Clash of green billionaires upends Asia's undersea solar quest
- Asia-spanning grid captures imagination of world's wealthiest
- Plan to export Australian clean power to Singapore at risk
The elusive dream of a subsea power grid sending clean energy across Asia has hit a new setback: feuding billionaires.
The Sun Cable project, which aims to export solar power from Australia to Singapore through a 4,200-kilometer (2,600-mile) submarine cable, entered into voluntary administration Wednesday after a disagreement between two of Australia's richest men, tech tycoon Mike Cannon-Brookes and iron ore magnate Andrew Forrest.
The A$30 billion ($21 billion) project has been among contenders to help Asia's fossil-fuel dominated economies to shift to low-emissions sources as they aim to meet targets to decarbonize over the coming decades. Developers envisioned it as the first and most ambitious piece of a so-called super-grid, a plan to criss-cross the continent with electrical lines spanning from Japan to India.
But Sun Cable's troubles serve as another reality check for governments and utilities pinning clean energy hopes on delivering power from countries with ample wind and sun to distant electricity-hungry population centers. The project joins a growing list of ventures that have struggled to progress beyond the initial stages, despite endorsements from some of the world's most influential executives.
"Sun Cable was extremely ambitious from the very beginning with its claims," said Georgios Konstantinou, a senior lecturer in energy systems at the University of New South Wales. "The engineering required to successfully deliver would be extremely challenging, and on top of that you have to make the economics work."
At a time when the world is racing to achieve zero-emissions with a raft of experimental technology, a super-grid makes sense on paper. Crowded Japan or Singapore would no longer need to worry about finding space to build renewable plants, and instead could import green energy from neighbors. SoftBank founder Masayoshi Son has already urged Japan's government to promote development of a regional grid.

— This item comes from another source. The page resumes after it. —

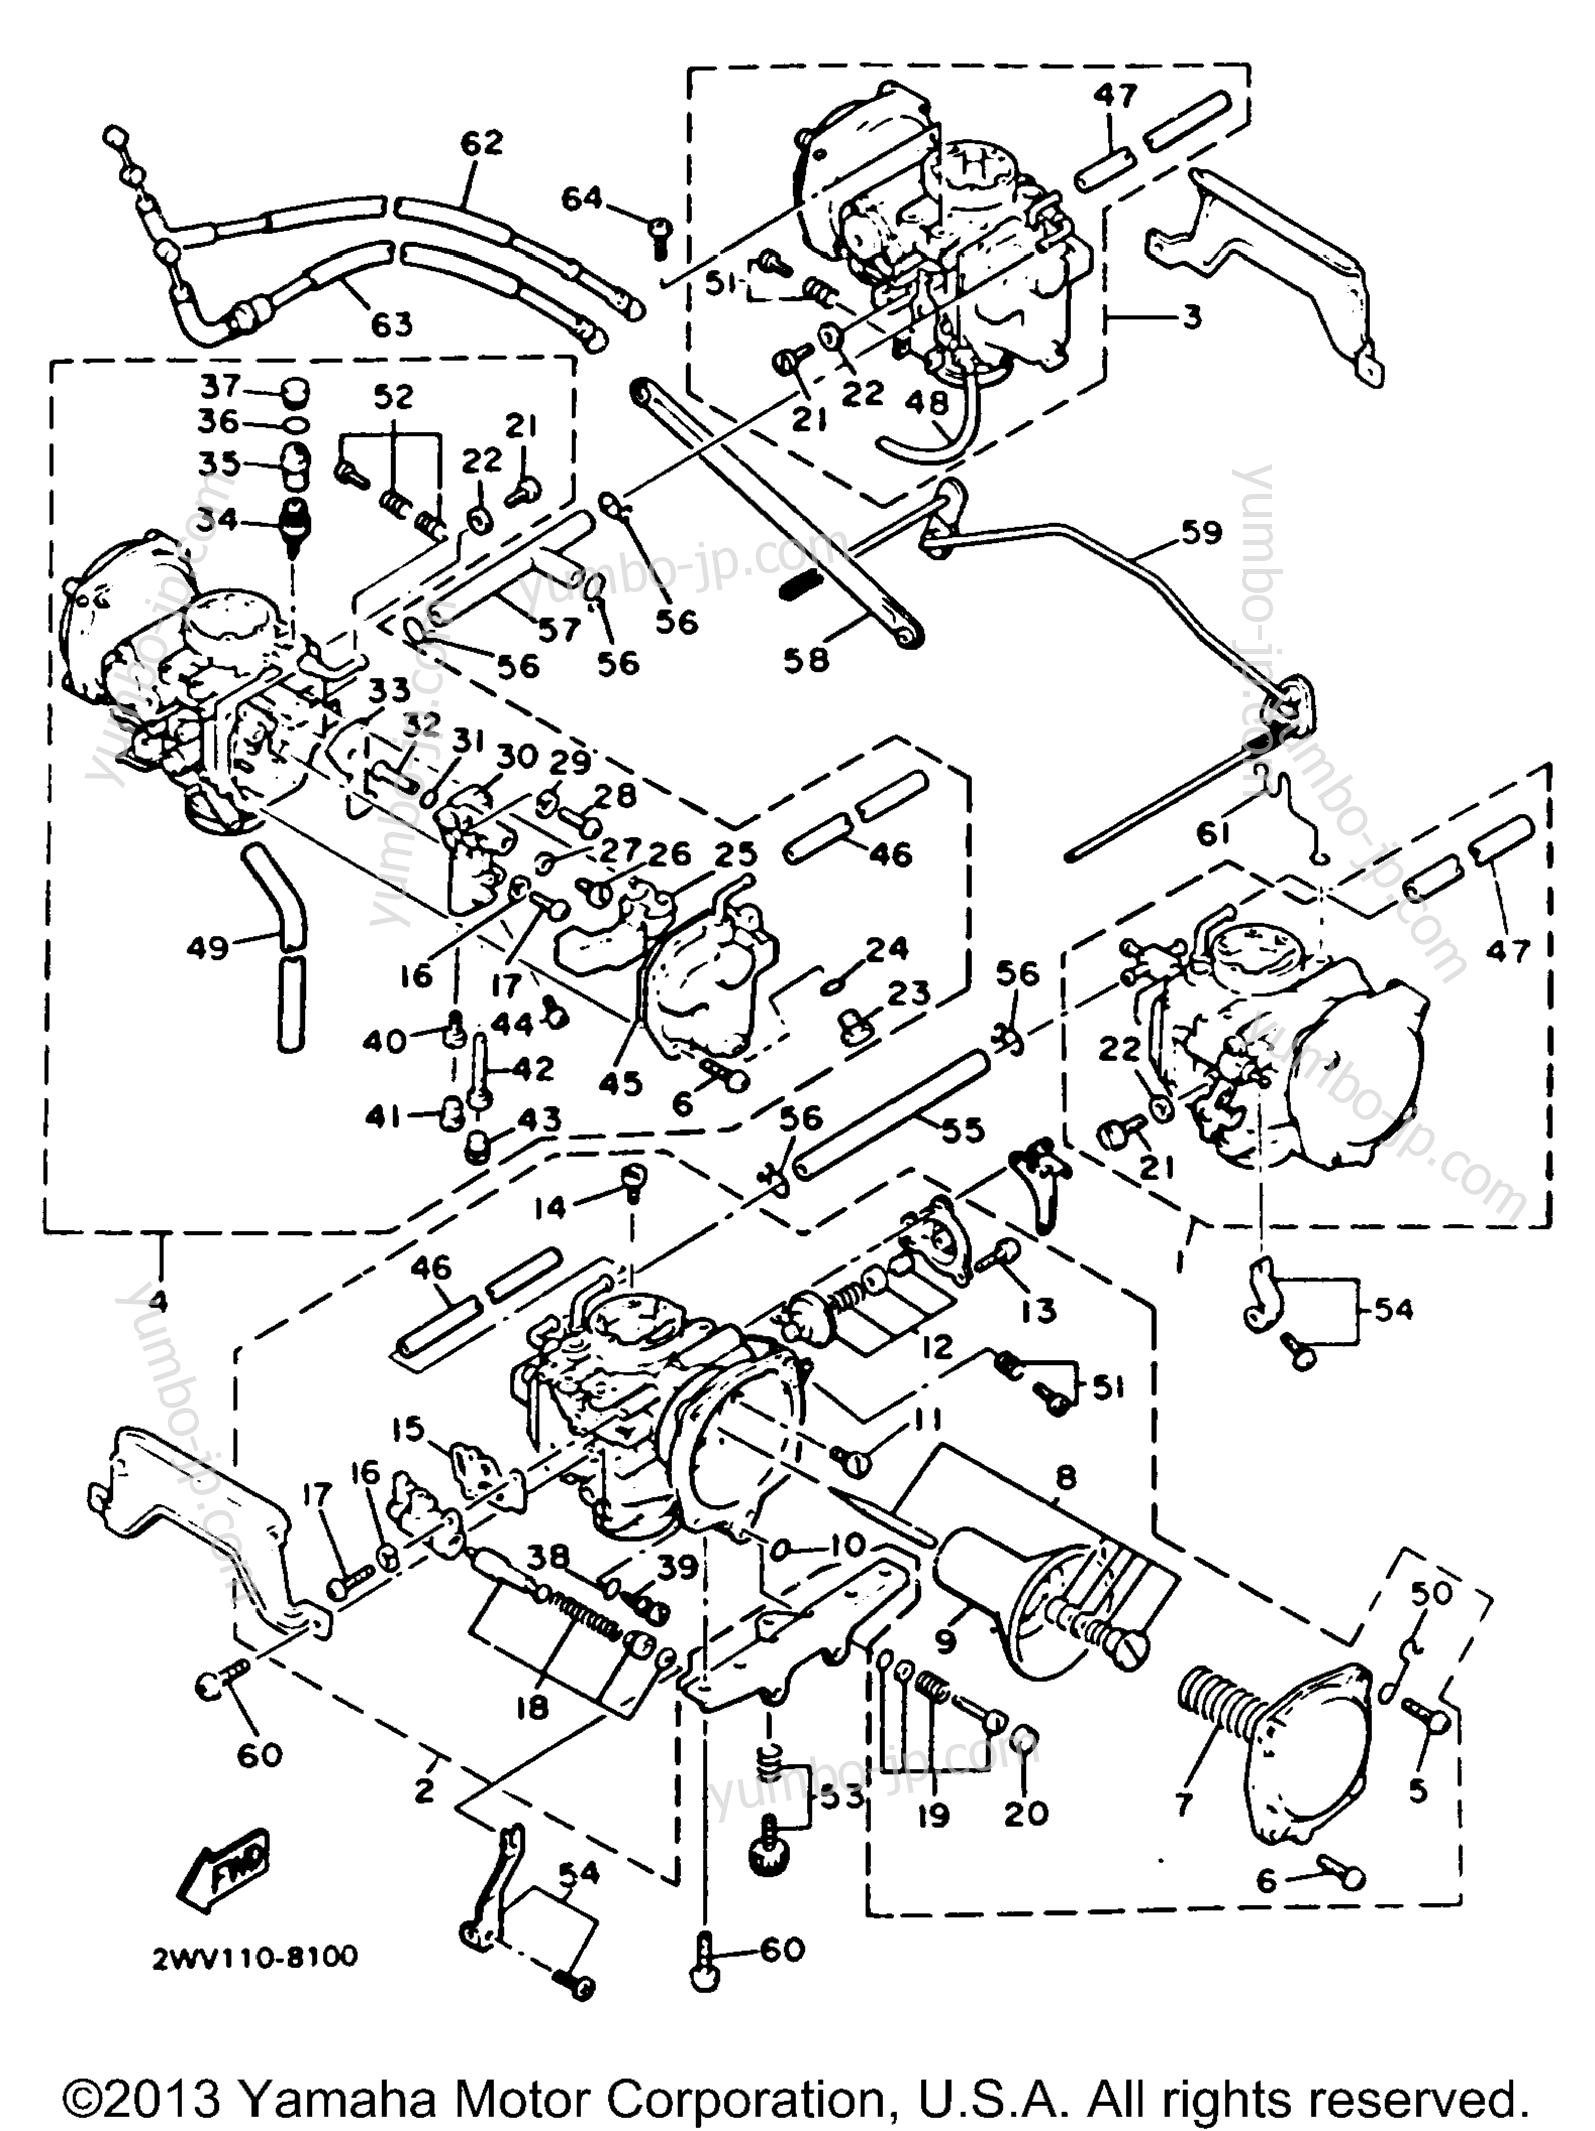 Carburetor Non California Model for motorcycles YAMAHA XVZ13DBC CA 1991 year

Translating that vision into reality requires mastering a dizzying array of technical hurdles, overcoming political issues like energy protectionism, and a price tag that puts the endeavor on the same scale as space travel. State Grid Corp. of China's former chairman, Liu Zhenya, has floated a plan for a global network that will cost $50 trillion.
In the case of Sun Cable's export project — known as the Australia-Asia PowerLink — there's also clashing investors to navigate.

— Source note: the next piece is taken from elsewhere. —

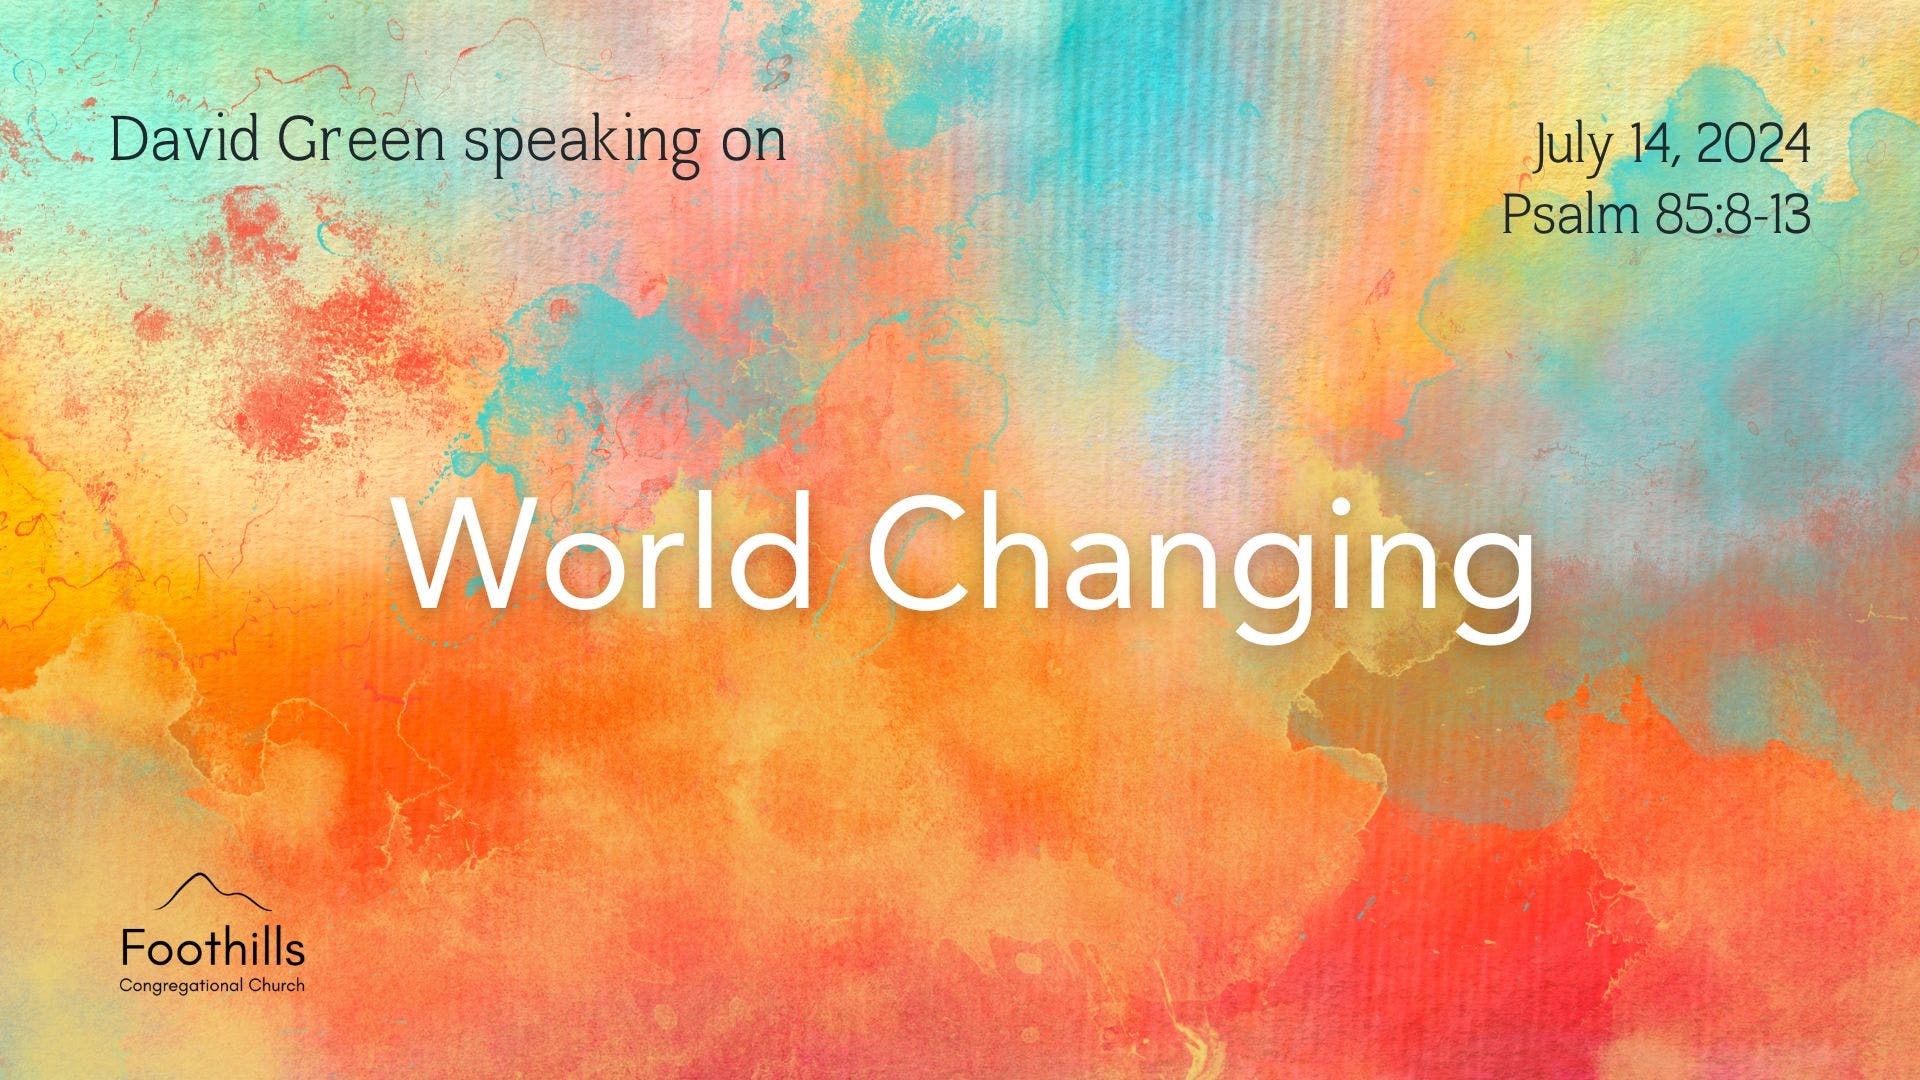 David Green speaking on "World Changing"

Sun Cable's administrators said they were appointed following disagreements between key backers, and public comments since from entities tied to Forrest and Atlassian Corp. co-founder Cannon-Brookes — which both own about 25% of the company — show their differing views on progress.
Forrest's Squadron Energy unit — which holds the Sun Cable stake — believes "the manner in which the project is delivered needs urgent change," chairman John Hartman said in a statement. "Exceptional governance practices and world-class project delivery expertise, as well as pursuing bankable technologies, will be required to make the project a reality."
Squadron has also questioned the merits of the plans to send power generated in Australia to Singapore, according to Cannon-Brookes' Grok family office.
"There has been a difference of opinion between Squadron and all other shareholders over prioritizing the Singapore project," Grok said in a statement. "This lighthouse project will likely deliver significant outcomes for the company, attract further investor capital and create a new industry in Australia."
Squadron, which is reviewing options including a potential offer to take control, declined to comment on Grok's claims.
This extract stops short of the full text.